The current stand off between Sudan and a newly independent South Sudan made me recall an anecdote told by Henry Kissinger, after a series of negotiations with Syrian President Bashar al-Assad's father, the late President Hafez al-Assad.

“Assad never lost his aplomb. He negotiated daringly and tenaciously like a riverboat gambler to make sure that he exacted the last sliver of available concessions. I once told him that I had seen negotiators who deliberately moved themselves to the edge of a precipice to show that they had no further margin of maneuver. I had even known negotiators who put one foot over the edge, in effect threatening their own suicide. He was the only one who would actually jump off the precipice, hoping that on his way down he could break his fall by grabbing a tree he knew to be there. Assad beamed.”

I will leave it to you to calculate who might be Hafez: South Sudan's President Salva Kiir or Sudanese President Omar al-Bashir? Or both?

South Sudan's top negotiator, Pagan Amum told reporters in Addis Ababa Saturday: "Tomorrow the [oil] shutdown will be complete and what will be remaining to be done the day after is finishing the cleaning and flushing of facilities." South Sudan is shutting down its oil production, last put by officials at 350,000 barrels per day in November. Approximately 99 percent of the new state's income is from the sale of oil. 

Earlier in the week, South Sudan's Information Minister Barnaba Marial Benjamin announced that South Sudan and Kenya had signed a memorandum of understanding to build an oil pipeline to the Kenyan port of Lamu. Construction of the pipeline will begin “as soon as sources of funding are made available,” which should take about a month, he said.

Minister Benjamin is reckoning that the pipeline could be completed in 10 months. That's a bullish call. The biggest problem is surely the sky-high risk of asymmetric guerrilla-type sabotage. I would think it's highly likely. Therefore, insurance for the pipeline might well prove punitive. However, the point remains that we in Kenya have an embedded geopolitical advantage in this region, that being the route to the sea. It is like the jugular vein for many of our East African neighbors.

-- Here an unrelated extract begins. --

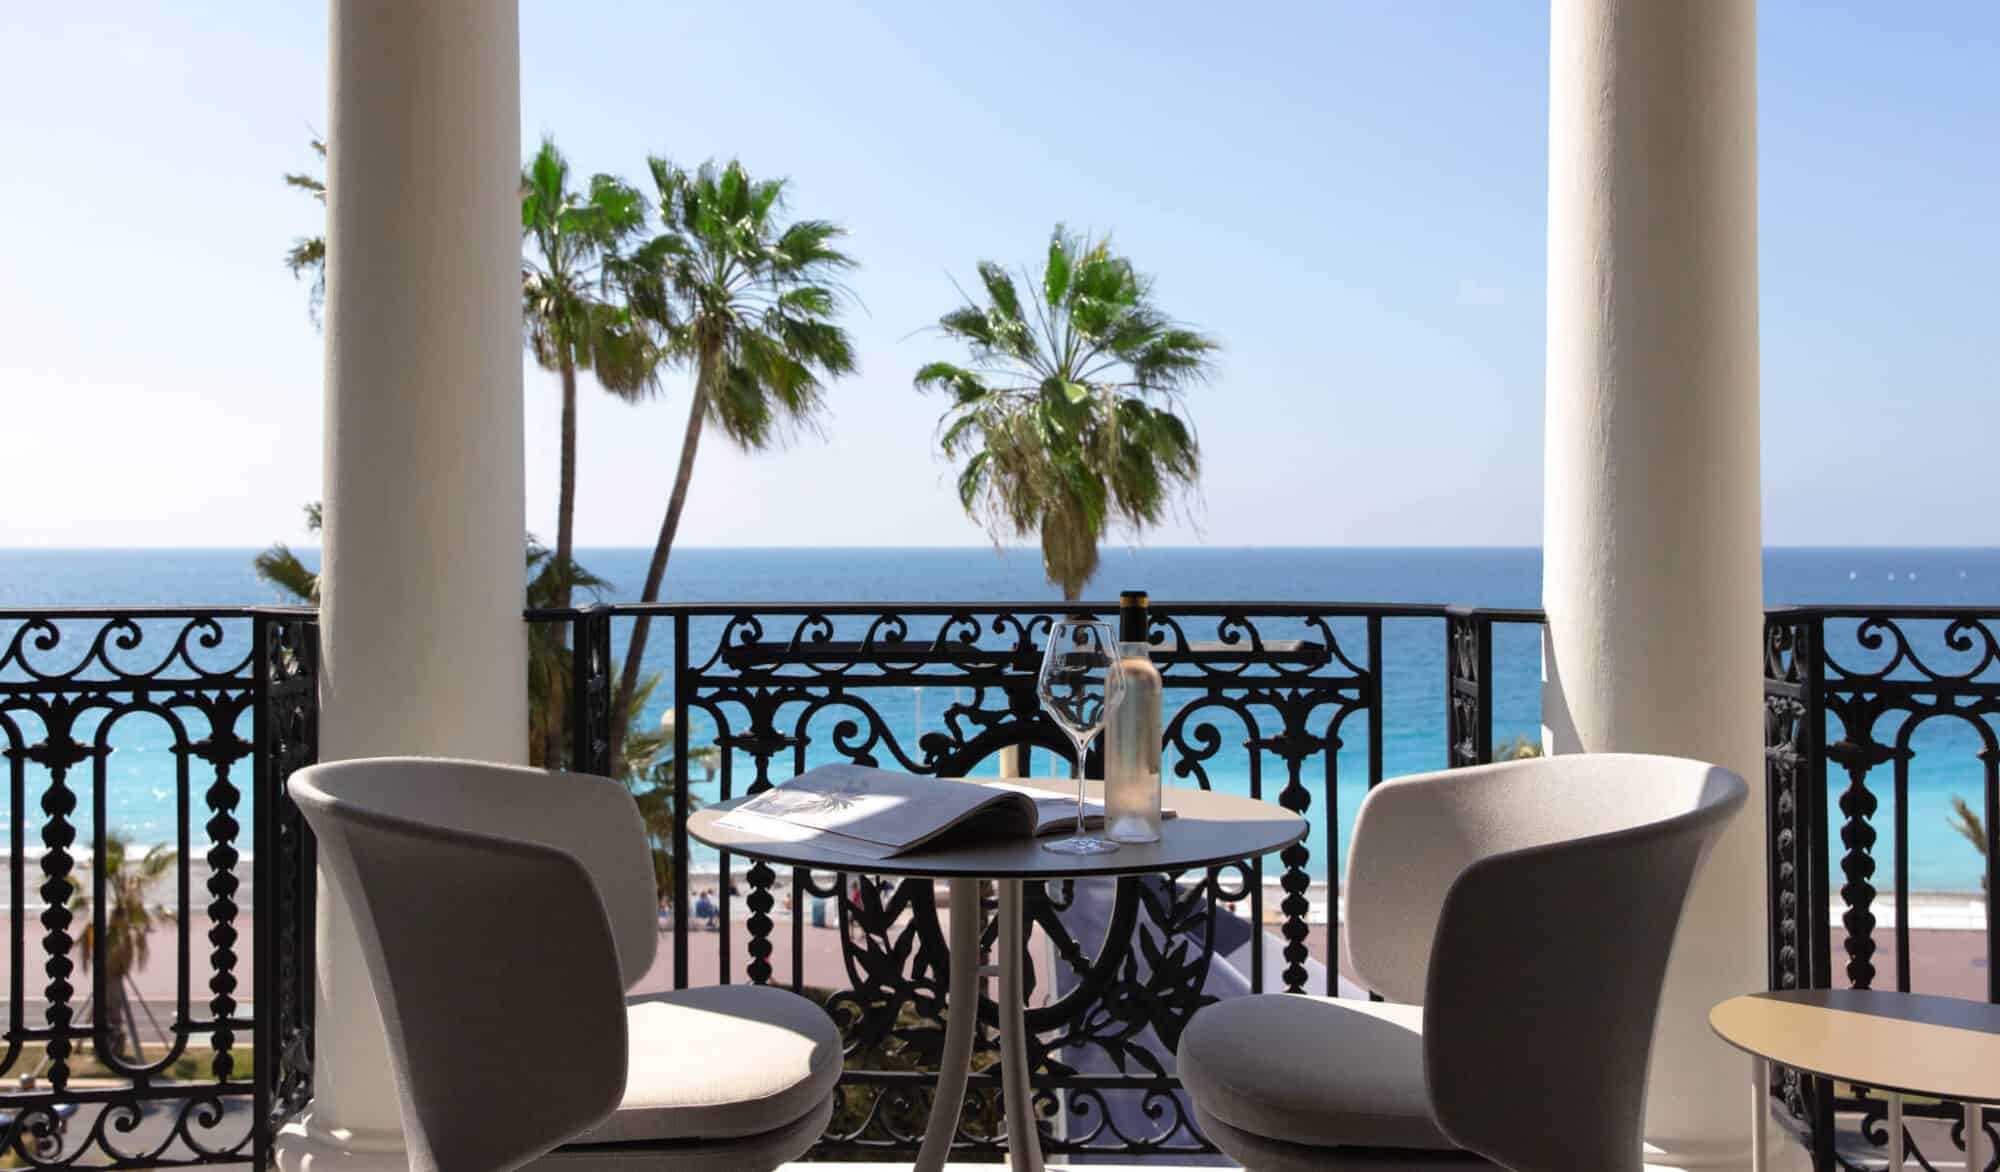 A sunny balcony of a suite from L'Hotel Negresco with a view of the beach and a few palm trees. There sits a table for two on the balcony with a black iron railing, a book and a bottle of wine waiting for an occupant.

Neither Juba or Khartoum are ranked AAA by credit rating agencies. Khartoum has lost a great chunk of their revenues. The South, meanwhile, can hardly afford to lose the cash flow that comes from the sale of its 350,000 barrels per day. And that's why I started with Henry Kissinger's description, "I had even known negotiators who put one foot over the edge, in effect threatening their own suicide."

Now, there is a back story to this. You see, through 2011, Sudan provided China with 5 percent of its total oil imports. You will recall that 35,000 Chinese workers were evacuated out of Libya in nine days last year and China was rolled back and right out of Libya. Not so long ago, President Obama authorized the deployment to Uganda of approximately 100 combat-equipped US forces to help regional forces ostensibly to “remove from the battlefield” – meaning capture or kill – Lord’s Resistance Army leader Joseph Kony.

Then in January this year, President Barack Obama issued this memorandum.

"By the authority vested in me as President by the Constitution and the laws of the United States, including section 503(a) of the Foreign Assistance Act of 1961, as amended, and section 3(a)(1) of the Arms Export Control Act, as amended, I hereby find that the furnishing of defense articles and defense services to the Republic of South Sudan will strengthen the security of the United States and promote world peace," said the official text of Obama's decision.

It seems to me Sudan has become the epicenter of the US and China's collision in Africa and that we are watching a 21st-century, high-stakes proxy war. I have to surmise that the US is underwriting Salva's overdraft, what with all these demobilized soldiers roaming around Juba, it would be suicide to have them unpaid for any length of time. I wonder who is underwriting Bashir? Maybe, he is calling in favors in Libya?